If you stand beneath an Elder tree on Midsummer’s Eve you will see the King of the
 Faeries and his entourage but be careful you do not get swept away to Faerieland.
Elder wood is greatly prized by the faeries so do not use it for a cradle or the 
baby will be pinched black and blue.
The Elder Mother guards the tree and although she is usually kind she can
become dangerous if her trees are harmed so you must always ask 
permission before cutting an Elder tree.

”Ourd  gal, give me some of thy wood
An oi will give some of moine
When oi grows inter a tree”

The magical properties of the Apple tree were recognised by the Celts who 
used them in their Samhain festivals.
Great care was taken of the trees by the Celts, wassailing them at the turn of 
every season to ensure good crops, for they believed that the apple was the the fruit 
of the Gods. Blessings and prayers were said in the orchards and hot spiced cider 
drunk in toast to the trees.
Anything left over in the wassailing bowl would be poured over the roots of the 
trees as a tribute to the spirit of the trees.

“Old Apple Tree we wassail thee, and happily thou wilt bear,
 For the Lord knows where we shall be , 
Till apples another year....”

Two customs that are left over from the Samhain festival and are still in
 practice today are the dunking for apples in a barrel and peeling an apple in
 front of a mirror to see an image of your future partner.
May Eve is the traditional time to plant new trees, place a piece of coal beneath 
the roots, then water with cider.
The Apple Tree Man is the guardian of  orchards in Somerset, he is to be found in 
the oldest tree. Also keeping him company is the faerie horse, the Colt Pixy. 
The last apples of the harvest must be left for the pixies. The Somerset name for 
taking these are Pisking, Col-pixying, Griggling, Pixyhunting and Pixywarding.

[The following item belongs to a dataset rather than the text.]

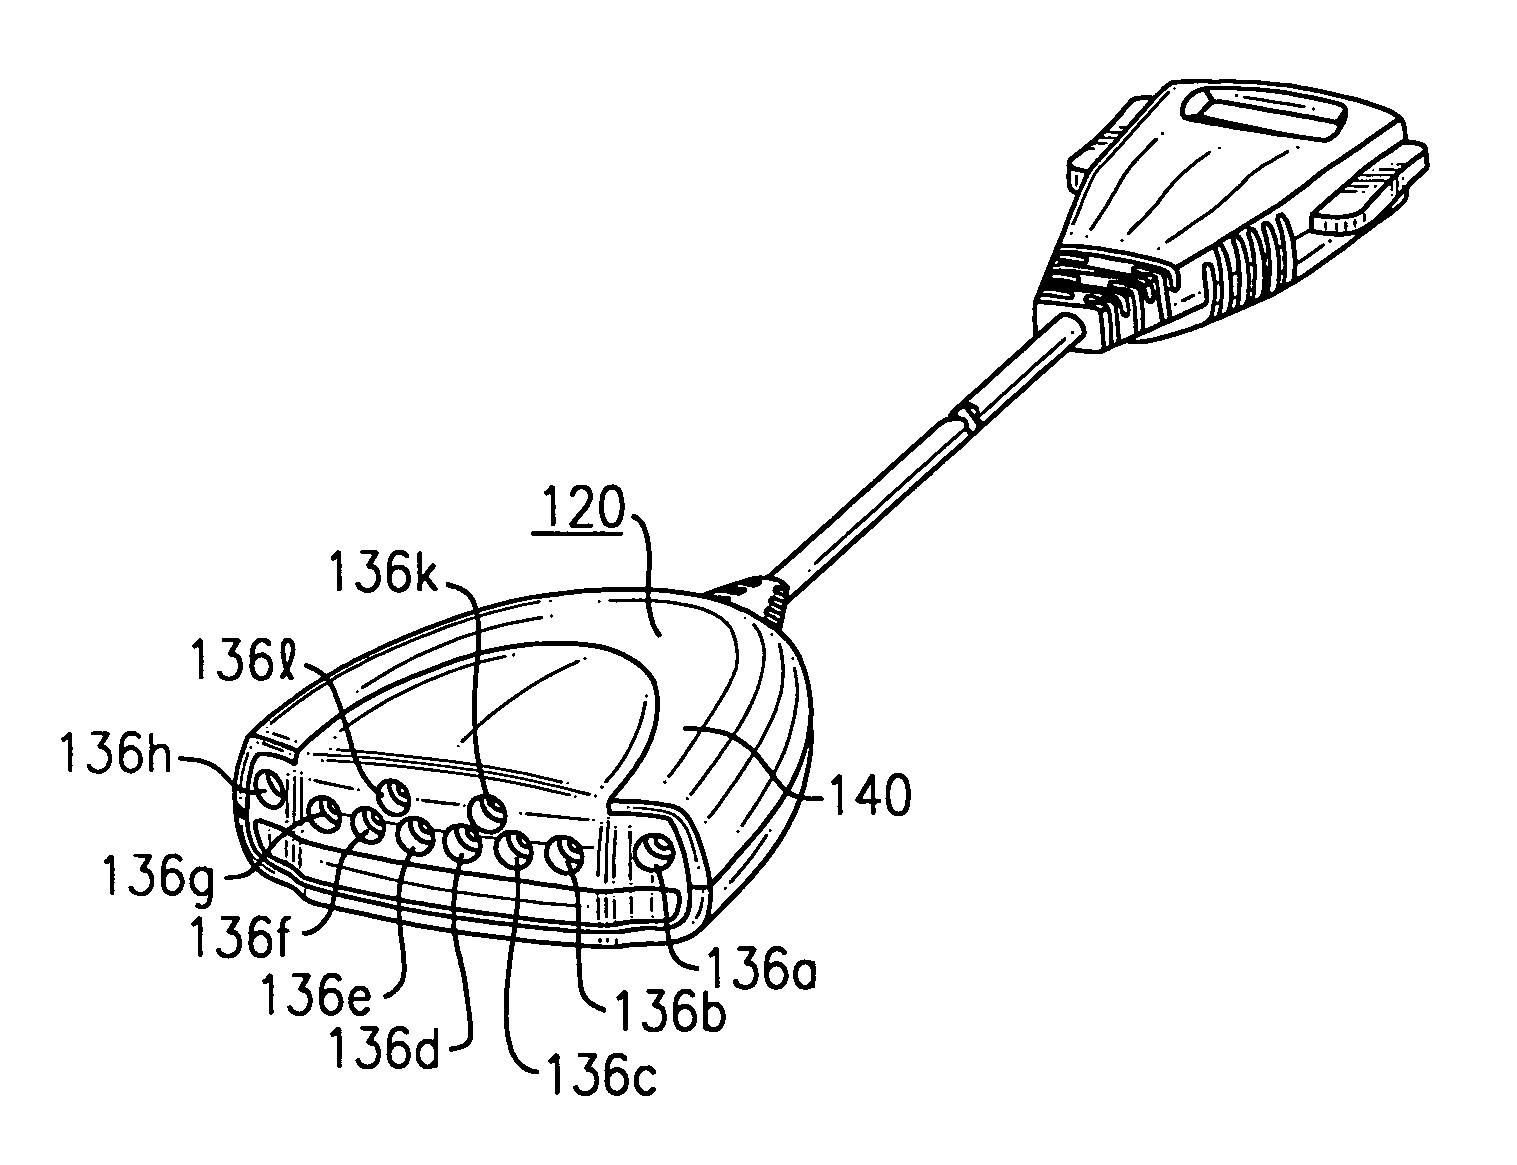 Galvanic isolation of a medical apparatus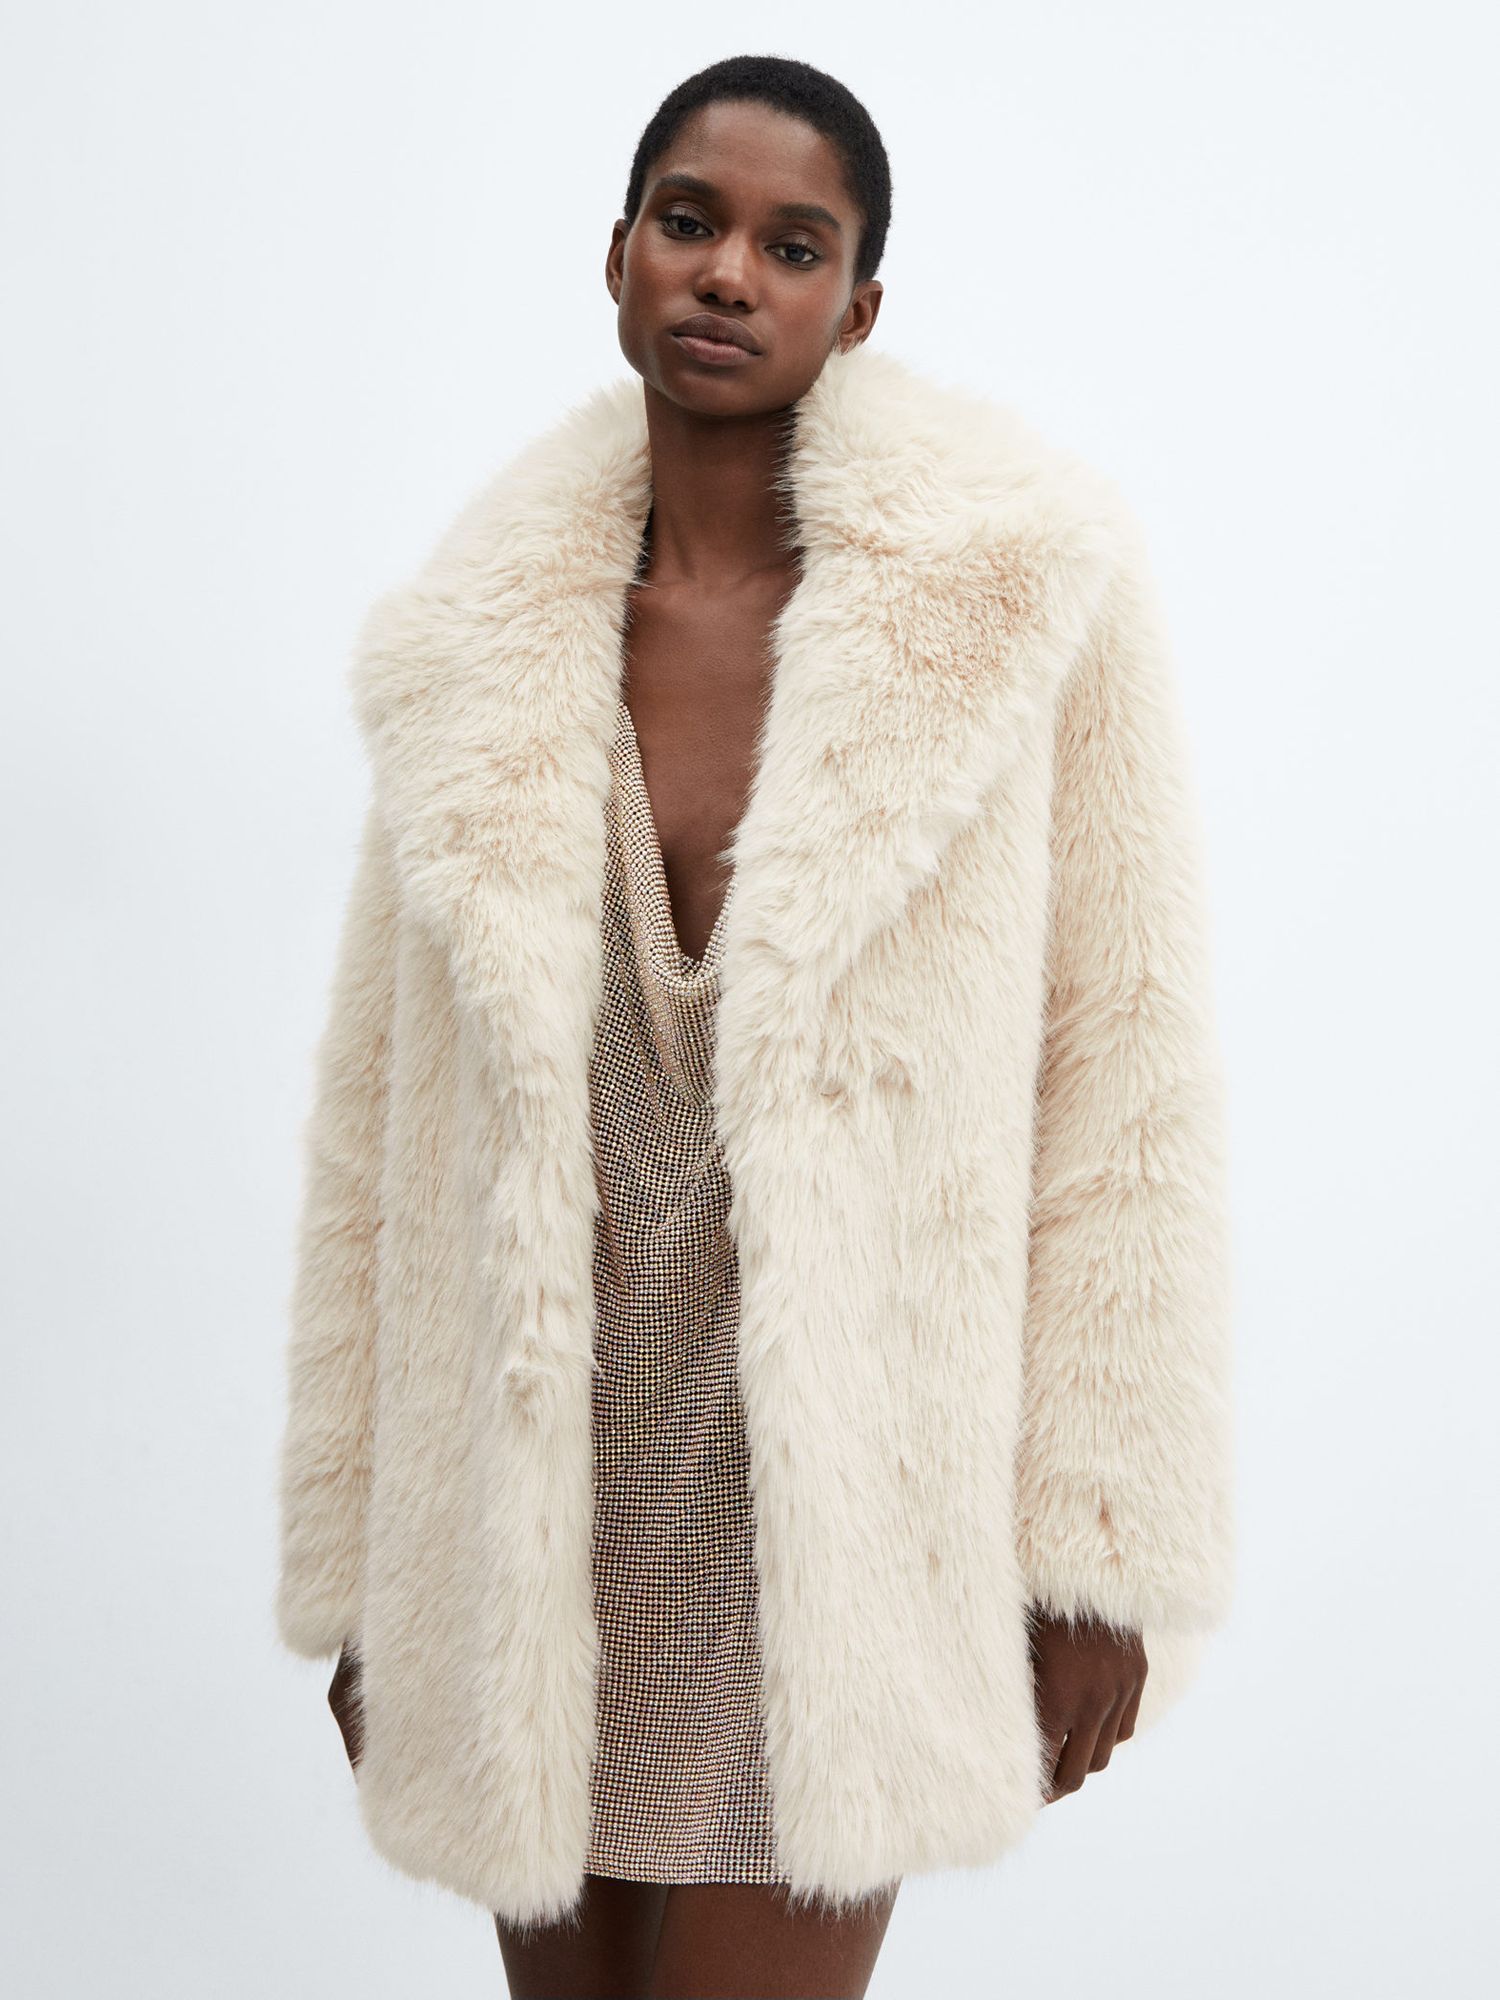 Topshop Petite faux fur coat in cream Size 8 Uk

The ash tree was regarded with awe in Celtic countries, especially Ireland; where 
at times in the past, even though wood was scarce, people refused to cut the ash for
 fear of having their own houses consumed with flames.
The ash is sometimes used in the Beltaine rites, together with the oak and thorn, 
the ash is part of a magical trilogy in faerie lore.
Ash seed pods can be used in divination and the wood has the power to ward of faeries.
 In Scotland children were given the astringent sap of the tree as both medicine and 
as protection against witch craft.

This wood can be used as a protection against faerie charms and dairy maids
 used it as a charm to stop butter from spoiling when being churned. 
Hang branches around the house and outbuildings to bring good luck.
Every croft in Scotland would have its own rowan tree planted outside the front 
door for protection. Red ribbons would be tied to the branches to keep witches from
 the door. It is one of the most sacred trees in Scottish folk traditions and does not 
allow the use of the timber, bark, leaves or flowers except for sacred purposes.

Friday, 17 October 2014

Wonderful magical wells and faerie springs

Well dressing used to be a very common practice especially at Ascension tide to mid August, it survived in many areas up until the start of the second world war. Unfortunately many customs were put to one side at this time and were never revived after the war.
It is especially associated with the Derbyshire villages. At Tissington and Buxton the wells were dressed with large framed panels featuring biblical subjects, at Buxton the whole town used to take part in the procession, the well was blessed and a Festival Queen was crowned. In fact Tissington used to boast that the festival had been held without interruption since the drought of 1615, although some say it is from the time of the Black Death, the wells never failed and farmers brought their cattle ten miles to drink at the wells. At Endon the two wells were dressed on the 29th May and the May Queen crowned on the same day, this was a blending of the ancient practice of well worship, may day rites and christian beliefs.
Well worship has been observed for centuries, the origin laying in Pagan traditions. According to some it originated in the pagan custom of making sacrifices to the Gods of wells ans springs to ensure a plentiful supply of clean water. Like many other folk practices it was later adopted by the church.
The practice of well dressing has in the last few years seen a revival.
Whaley Bridge Well Dressing, High Peak, Derbyshire will take place 28th June 8th July 2015 while the well dressing in Tissington and Endon start in early May.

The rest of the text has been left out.